A cannonball is shot (from ground level) with an initial horizontal velocity of 38.0 m/s and an initial vertical velocity of 26.0 m/s. The initial speed of the cannonball 46.04 m/s The initial angle θ of the cannonball with respect to the ground 34.38°

What is the maximum height the cannonball goes above the ground? (m)
How far from where it was shot will the cannonball land? (m)
What is the speed of the cannonball 2.7 seconds after it was shot? (m/s)
How high above the ground is the cannonball 2.7 seconds after it is shot? (m)

34.2 meters

To solve these questions, we can use the equations of projectile motion. The key equations we will use are:

1. Vertical displacement (height):
d = v0y * t + 0.5 * a * t^2

2. Horizontal displacement (range):
R = v0x * t

3. Velocity components (horizontal and vertical):
v0x = v0 * cos(θ)
v0y = v0 * sin(θ)

4. Final velocity components:
vx = v0x
vy = v0y + a * t

Now let's solve each question step by step.

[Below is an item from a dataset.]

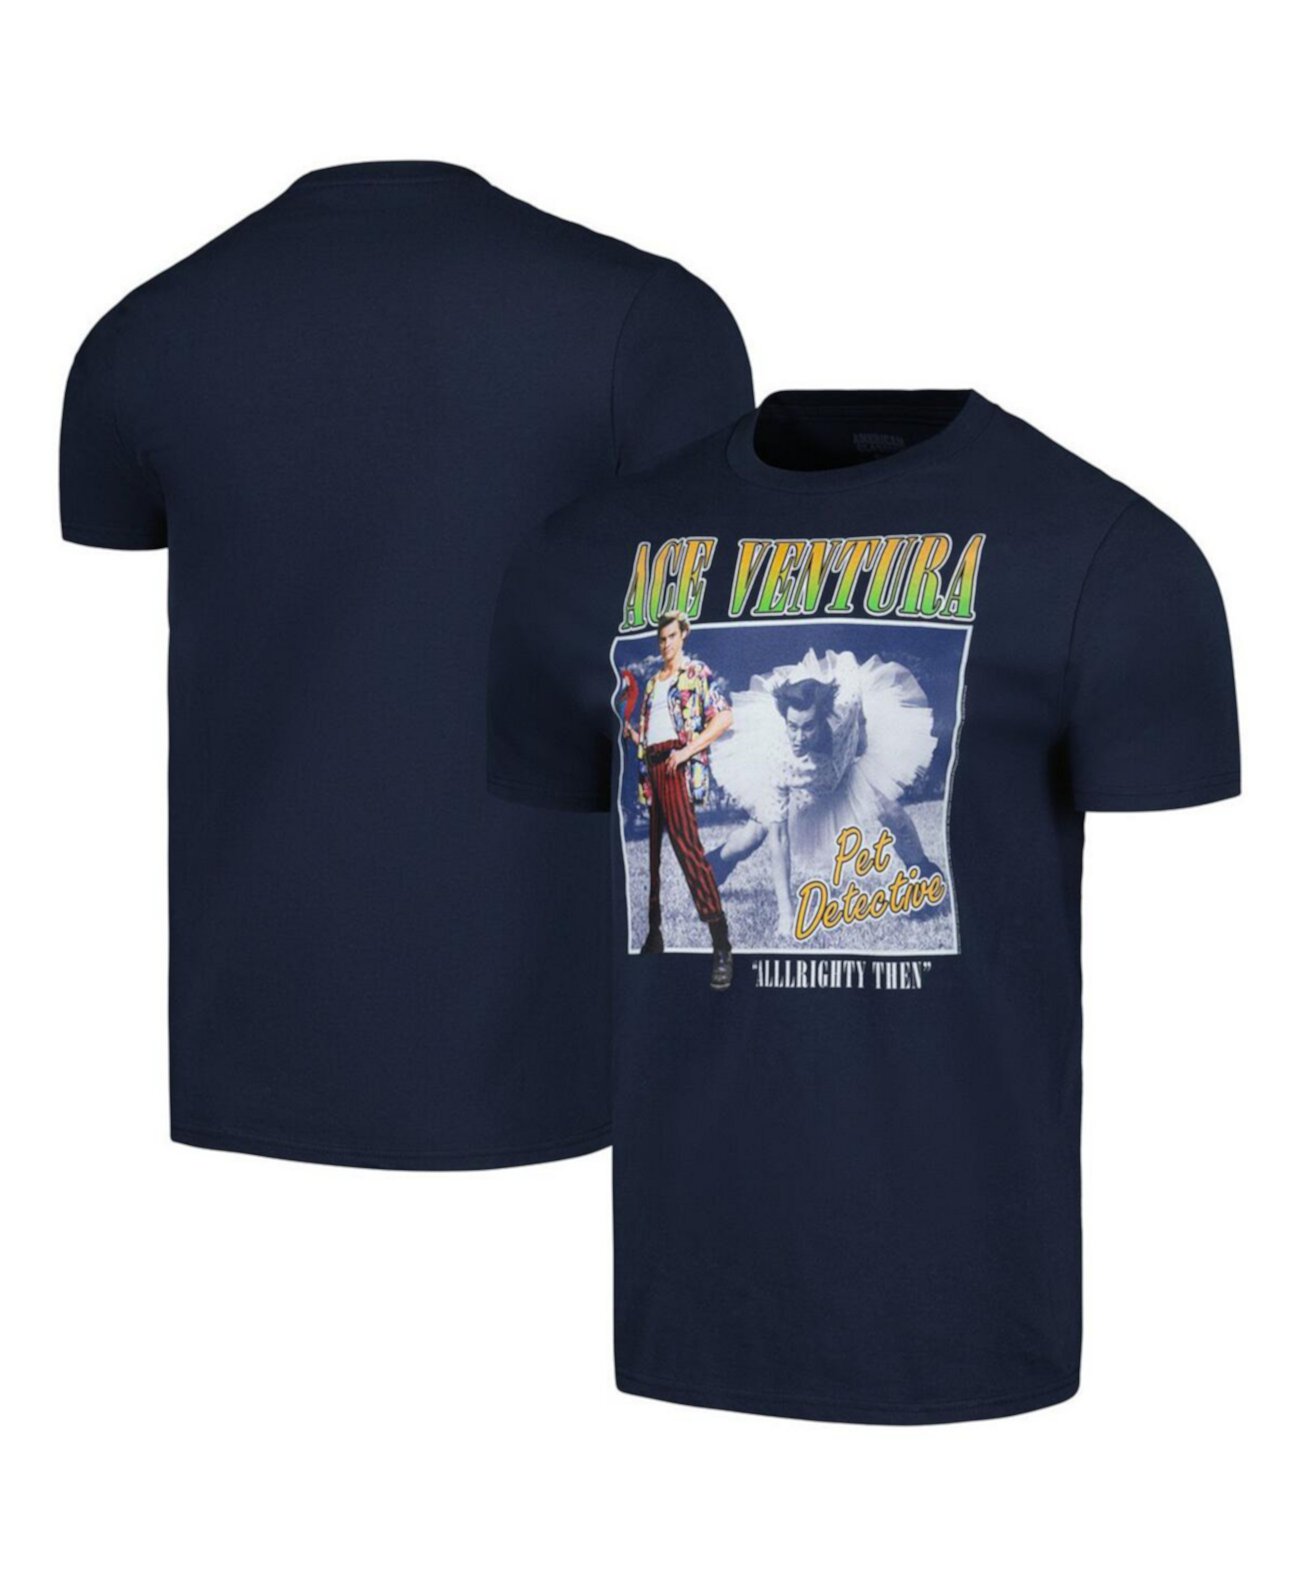 Мужская темно-синяя футболка с рисунком Ace Ventura American Classics

1. Maximum height the cannonball goes above the ground:
The vertical displacement at the maximum height will be zero (ball reaches its peak). We can use the vertical displacement equation with v0y as the initial vertical velocity and a as the acceleration due to gravity (-9.8 m/s^2).
Setting d = 0, we have:
0 = v0y * t + 0.5 * (-9.8) * t^2
Simplifying the equation, we get:
0.5 * (-9.8) * t^2 = v0y * t
Rearranging the equation, we get:
t = (2 * v0y) / 9.8
Substituting the given values, we get:
t = (2 * 26.0) / 9.8 ≈ 5.31 seconds
Now that we have the time of flight, we can substitute it back into the vertical displacement equation to find the maximum height:
d = v0y * t + 0.5 * (-9.8) * t^2
d = 26.0 * 5.31 + 0.5 * (-9.8) * (5.31)^2
d ≈ 69.18 meters
Therefore, the maximum height the cannonball goes above the ground is approximately 69.18 meters.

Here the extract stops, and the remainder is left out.